Bring these questions to your vet appointment to get the most out of your visit.

  1. You can ask your vet whether these lesions look suspicious for vesicular stomatitis or another mouth disease.
  2. You can ask your vet if this case needs to be reported to state or federal animal health officials right away.
  3. You can ask your vet which samples are recommended and how long results may take.
  4. You can ask your vet how to separate this donkey from other equids or livestock on the property.
  5. You can ask your vet what your donkey should eat and drink while the mouth is painful.
  6. You can ask your vet which pain-control options fit your donkey's age, hydration status, and overall health.
  7. You can ask your vet what signs mean the case is worsening, especially dehydration, lameness, or secondary infection.
  8. You can ask your vet when quarantine or movement restrictions might be lifted if vesicular stomatitis is confirmed.

How to Prevent Vesicular Stomatitis in Donkeys

Prevention focuses on insect control, isolation of suspicious cases, and movement awareness during outbreaks.

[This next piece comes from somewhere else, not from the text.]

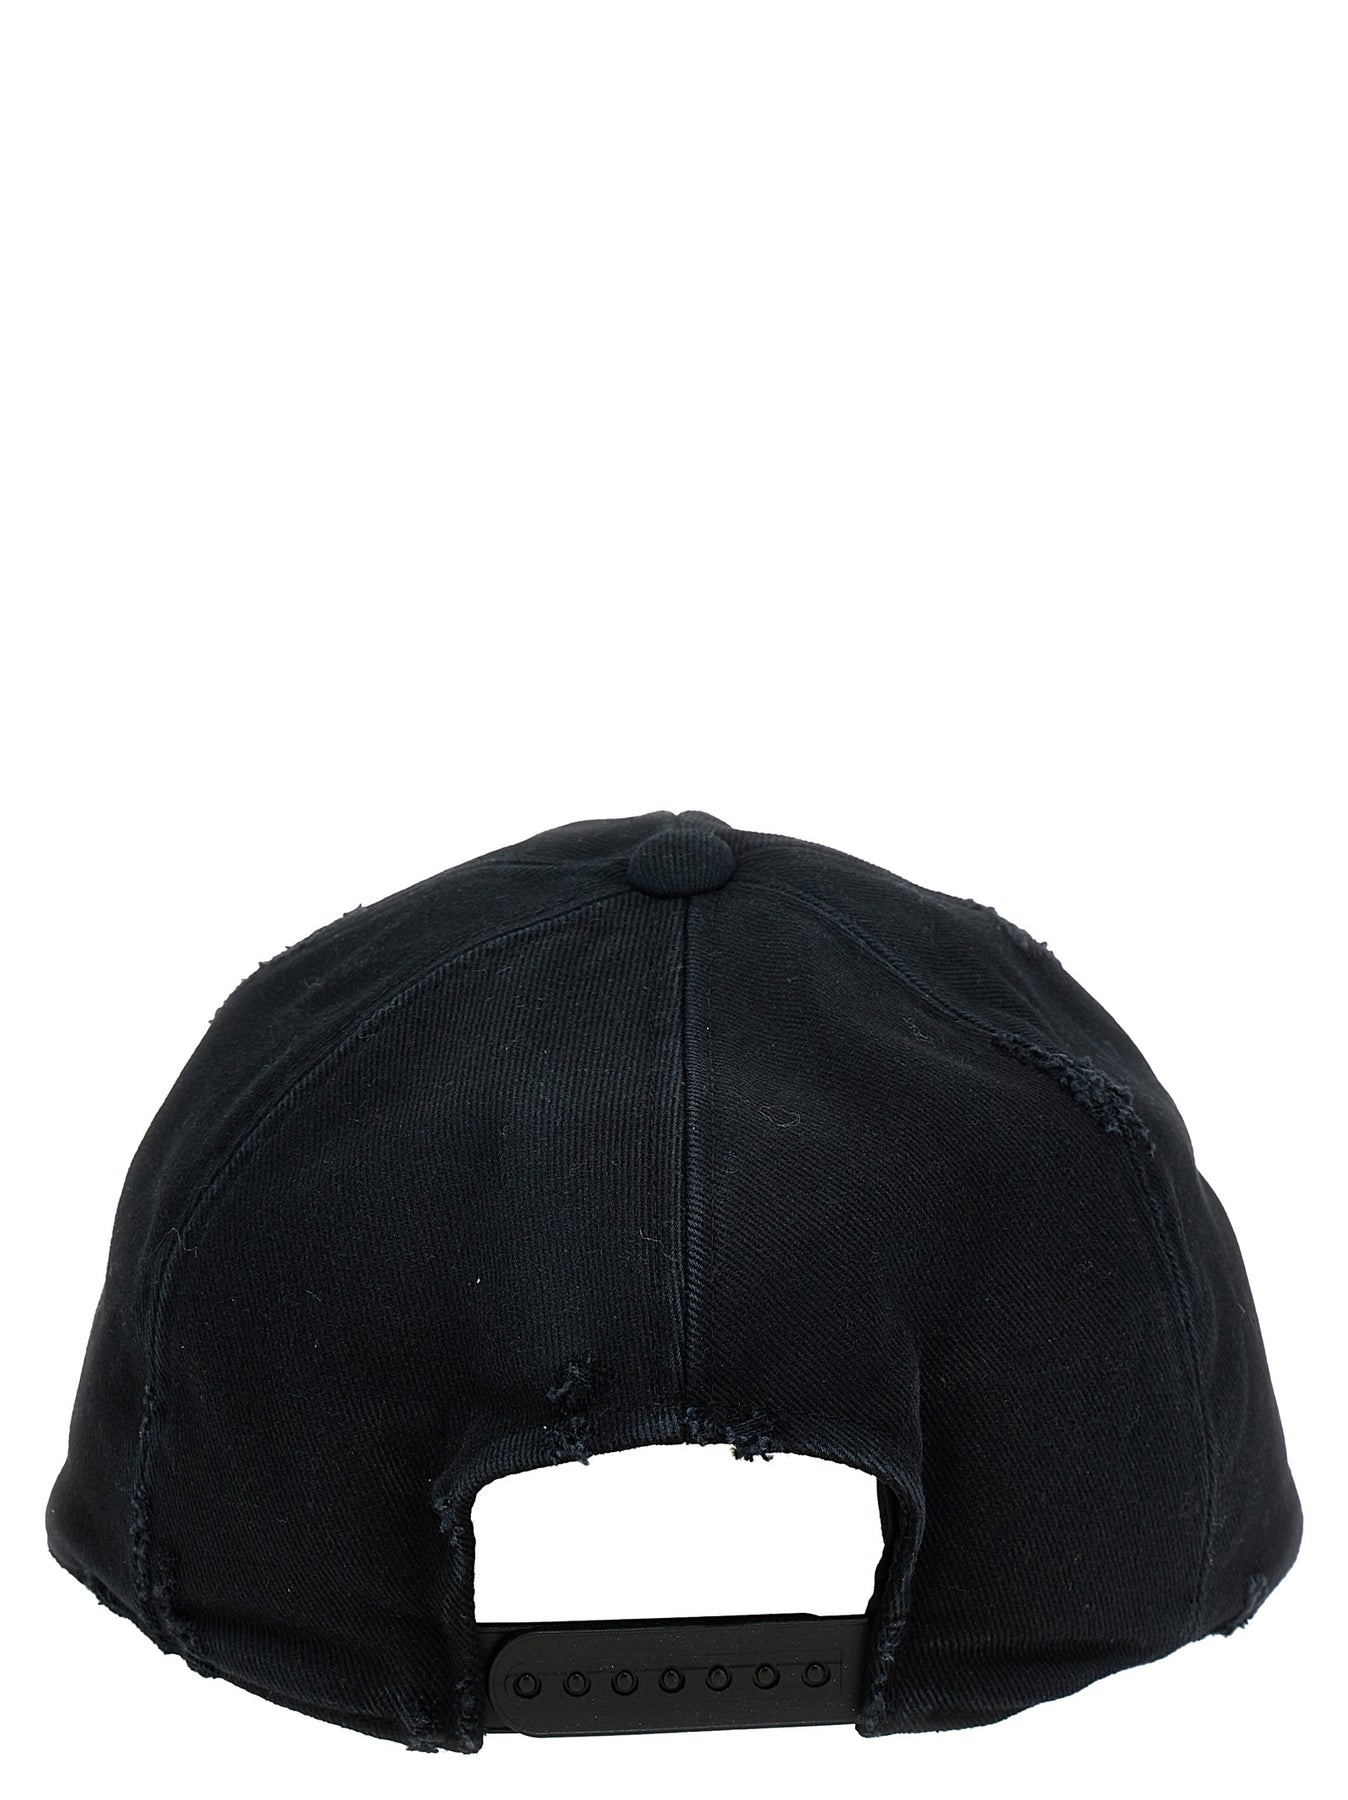 Used Effect Cap Hats Black - 3

Because biting flies are important in transmission, your vet may recommend repellents labeled for equids, improved manure and moisture management, fans in sheltered areas, and keeping donkeys indoors or under cover during peak insect activity such as daylight and dusk in affected regions.

If a donkey develops drooling or mouth sores, separate that animal from others and avoid sharing buckets, tack, or handling equipment until your vet has examined them. Wear gloves when checking the mouth or touching lesions, and wash hands well afterward. This helps reduce spread between animals and lowers human exposure risk.

There is no licensed commercially available vaccine for vesicular stomatitis in the United States. During active regional outbreaks, prevention also means checking current movement guidance before hauling animals, attending events, or bringing in new arrivals. Your vet can help you match the biosecurity plan to your property, local insect pressure, and current disease activity.